4. Alun-Wyn Jones (captain)
You need a strong captain and Alun-Wyn Jones has enjoyed an outstanding season for Wales. You need someone to inspire confidence in the dressing room ahead of kick-off, like a Martin Johnson character, and that is exactly what you get with Alun-Wyn who just gets better and better with age.
5. Maro Itoje
Such an athletic and clever player, if you ignore the penalty count, Itoje has to be in the starting XV. He is a line-out specialist, both in attack and defence, although England probably don’t use him as much as they should. I am not convinced that James Ryan is quite as good as his biggest fans would have us believe. I hope England’s Joe Launchbury goes with the squad as he does all the little unseen things that make the difference in the tight exchanges; a midweek skipper in the making?
6. Tadhg Beirne
Another supremely intelligent player whether he plays at lock or in the back-row and I have him at six to match the power that the World Champion Springboks will field in their back row. He was excellent not only in the Six Nations but also in the PRO14 final in a losing cause for Munster.
7. Tom Curry
There are a host of players who put their hand up for this shirt and I have been swithering between four or five different players including Hamish Watson, Josh Navidi, Josh van der Flier and Sam Underhill, who may yet prove the best of the bunch. But I have gone for Curry because he is Mr Consistency. If you saw him across the changing room you would know that you were going to get 100 percent effort from your open0side. I hope Watson travels but I don’t think Scotland get the best out of him by having him as a ball carrier in the heavy traffic rather than use him as a distributor/attack weapon in the wider channels.
8. Taulupe Faletau
This was a relatively easy one for me as I am not a Billy Vunipola fan. England number eights tend to bash the ball up but when Faletau’s picks and goes you always think something will happen. I would back him up with the dynamic Englishman Sam Simmonds and perhaps even Zach Mercer, another intelligent player who starts at eight ahead of Faletau for Bath most weeks, with the Welshman wearing six.

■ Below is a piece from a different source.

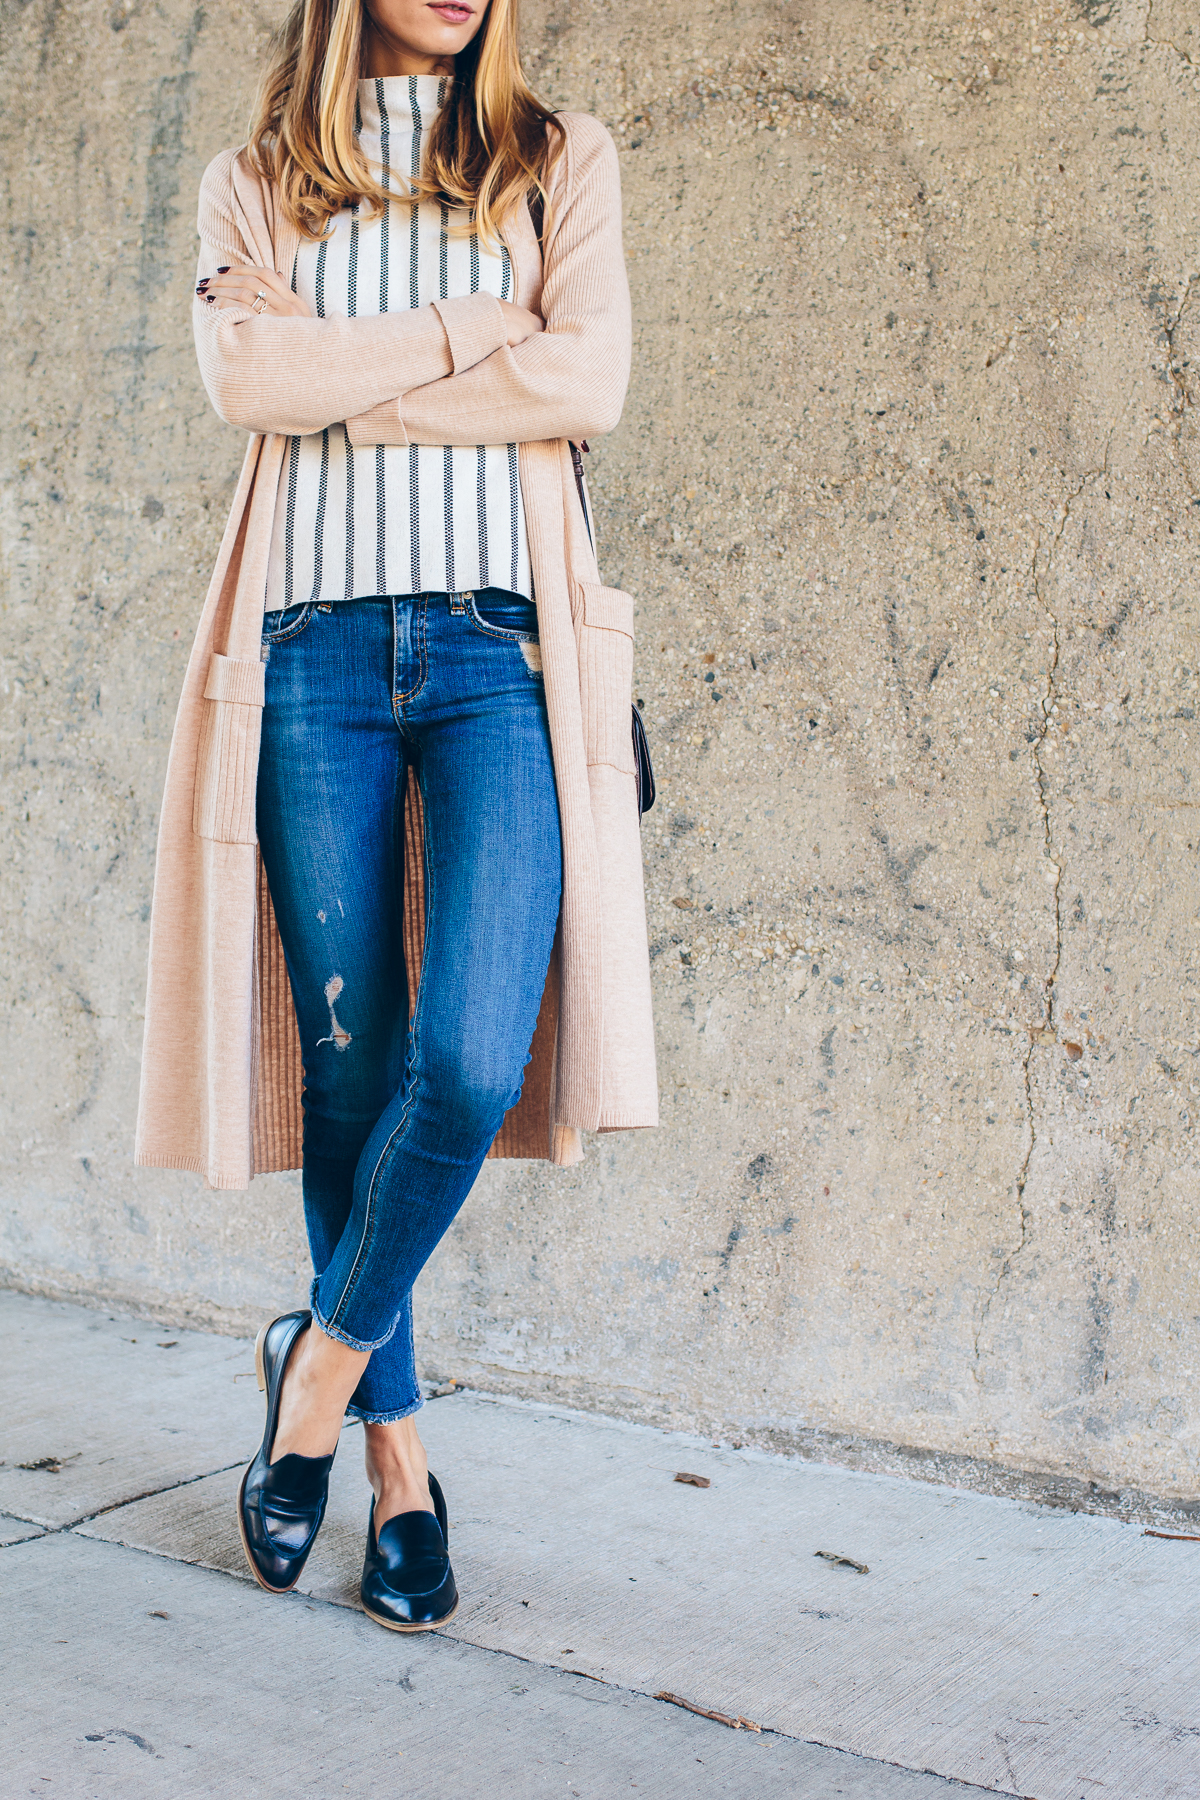 casual winter outfit, striped tee, long cardigan, loafers — via @TheFoxandShe

I hesitate to say too much about individual Scots and their aspirations to tour with the Lions but I hope we should get perhaps five or six players in the wider squad including Stuart Hogg and Finn Russell. I wouldn’t select him for his poor defence but Duhan van der Merwe may go given his raw speed and power. Rory Sutherland, Hamish Watson and Jamie Ritchie can all keep their fingers crossed. Ritchie played his best game this season for Scotland against France but only after a relatively quiet Six Nations. Still only 24, he would benefit more than most by touring with the Lions.